Pour le moment, les solutions offertes par le système de santé demeurent toutefois au niveau individuel. Étant donné la non-reconnaissance sociale de la violence obstétricale, aucune ressource n’y est allouée. Ainsi, une femme ayant été victime de violence obstétricale a peu d’options : entreprendre une thérapie individuelle avec un·e thérapeute non spécialisé·e sur la question, rejoindre des cercles de femmes (encore une fois, non spécifiques à la problématique) ou porter plainte (avec une très faible chance d’avoir un retour sur cette plainte).

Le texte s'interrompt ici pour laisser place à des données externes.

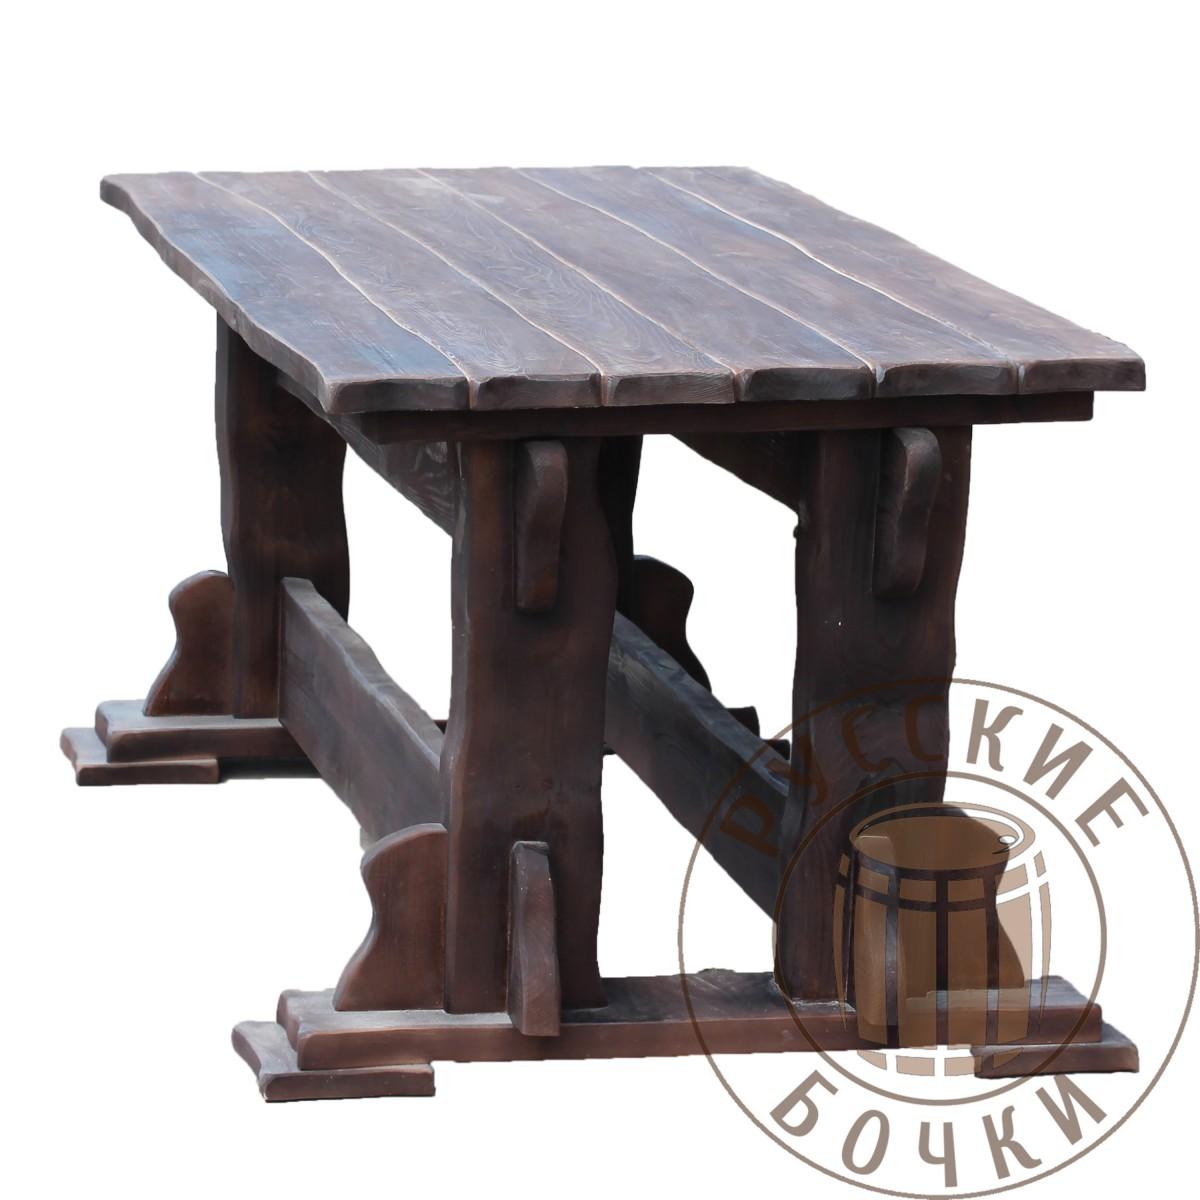 стол из массива дерева под старину 2 купить для дачи сауны

Il nous faut donc collectivement prendre conscience de l’existence, de l’ampleur et des conséquences de la violence obstétricale pour développer des réponses collectives, tant en matière de prévention que de guérison. Nous en sommes encore à l’étape de sensibiliser et de faire reconnaître l’existence de la violence obstétricale. Cette sensibilisation porte lentement fruit et des femmes et des organismes réclament de plus en plus que des actions soient entreprises. Jusqu’à maintenant, deux organismes communautaires en périnatalité ont mis sur pied des groupes de soutien pour les femmes ayant vécu un accouchement traumatique, soit Alternative Naissance à Montréal et le Collectif Les accompagnantes à Québec. Ces initiatives viennent répondre à un besoin des femmes, mais elles abordent la question selon l’angle du traumatisme. Or, qui dit accouchement traumatique ne dit pas automatiquement violence obstétricale et vice versa. Par exemple, une femme peut vivre un traumatisme malgré une équipe médicale qui a été impeccable parce que le bébé est né prématurément et qu’il était en détresse. Ainsi, ce sont deux phénomènes hautement corrélés, mais néanmoins distincts.
Il existe un mouvement mondial pour le respect dans les soins de maternité qui adhère à la Charte internationale pour les droits des femmes en période périnatale. De plus, dans plusieurs pays, particulièrement en Amérique latine et en Europe, des groupes citoyens mettent sur pied des observatoires de violence obstétricale, mènent des enquêtes, rédigent des guides, font des campagnes médiatiques de dénonciation, etc.
Au Québec, nous devons également continuer de recueillir et diffuser les témoignages des femmes ainsi que documenter l’ampleur du phénomène par des sondages, des enquêtes et des recherches. Les femmes et les organismes doivent se rassembler, se mobiliser et réclamer que la situation change. Une fois cette reconnaissance sociale minimale acquise, il sera possible de demander des changements dans l’organisation des soins, les politiques gouvernementales et les lois ainsi que d’offrir de réelles ressources et recours pour les victimes de violence obstétricale. Les exemples du Venezuela, du Brésil et de l’Argentine démontrent que ce cheminement est tout à fait possible et nous espérons que le Québec saura profiter des gains faits dans d’autres pays pour améliorer l’expérience de toutes les personnes qui donnent la vie.